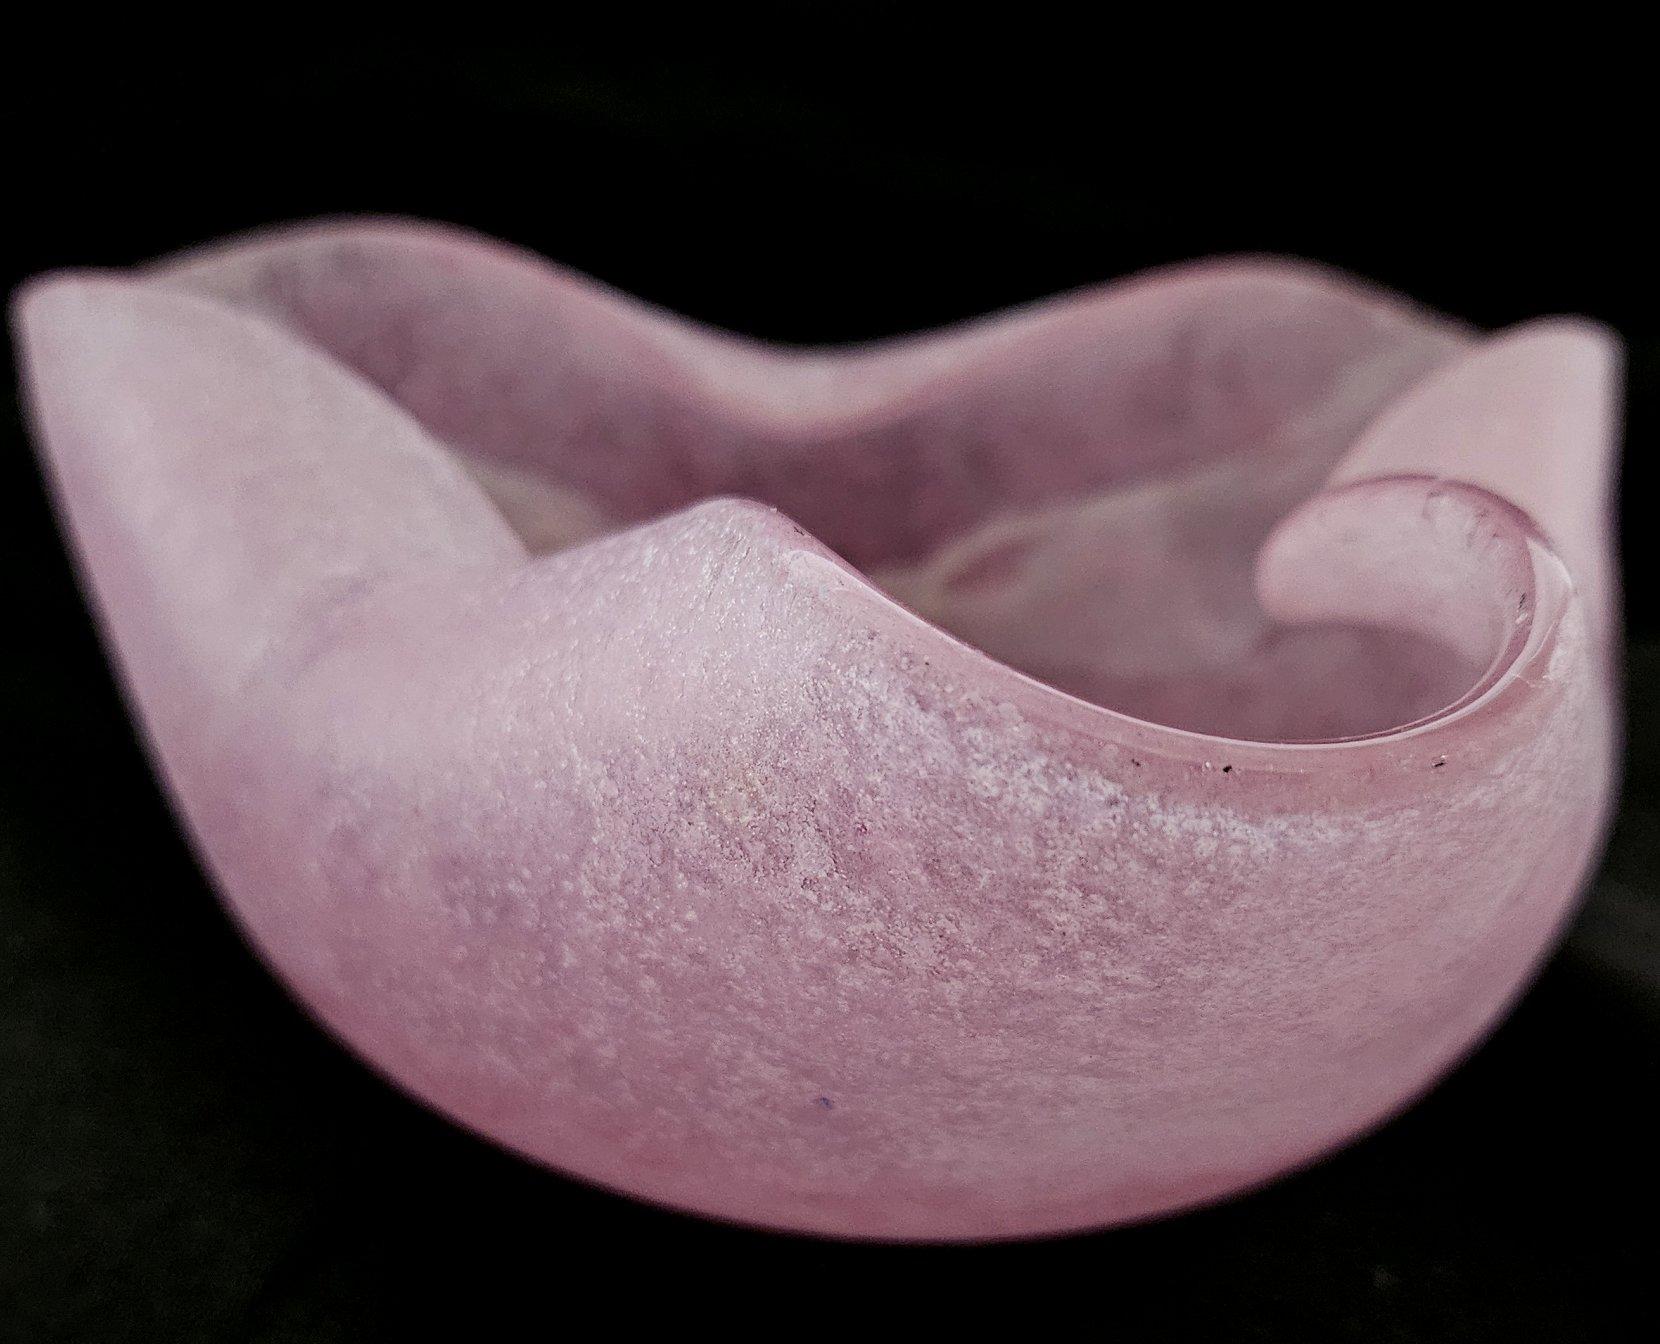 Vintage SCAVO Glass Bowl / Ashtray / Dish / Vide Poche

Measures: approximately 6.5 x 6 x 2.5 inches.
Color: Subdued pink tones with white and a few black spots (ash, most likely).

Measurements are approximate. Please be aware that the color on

Task requirements
Reproduce the whole listing above word for word, but not its pictures.

Answer space
 Vintage SCAVO Glass Bowl / Ashtray / Dish / Vide Poche

Measures: approximately 6.5 x 6 x 2.5 inches.
Color: Subdued pink tones with white and a few black spots (ash, most likely).

Measurements are approximate. Please be aware that the color on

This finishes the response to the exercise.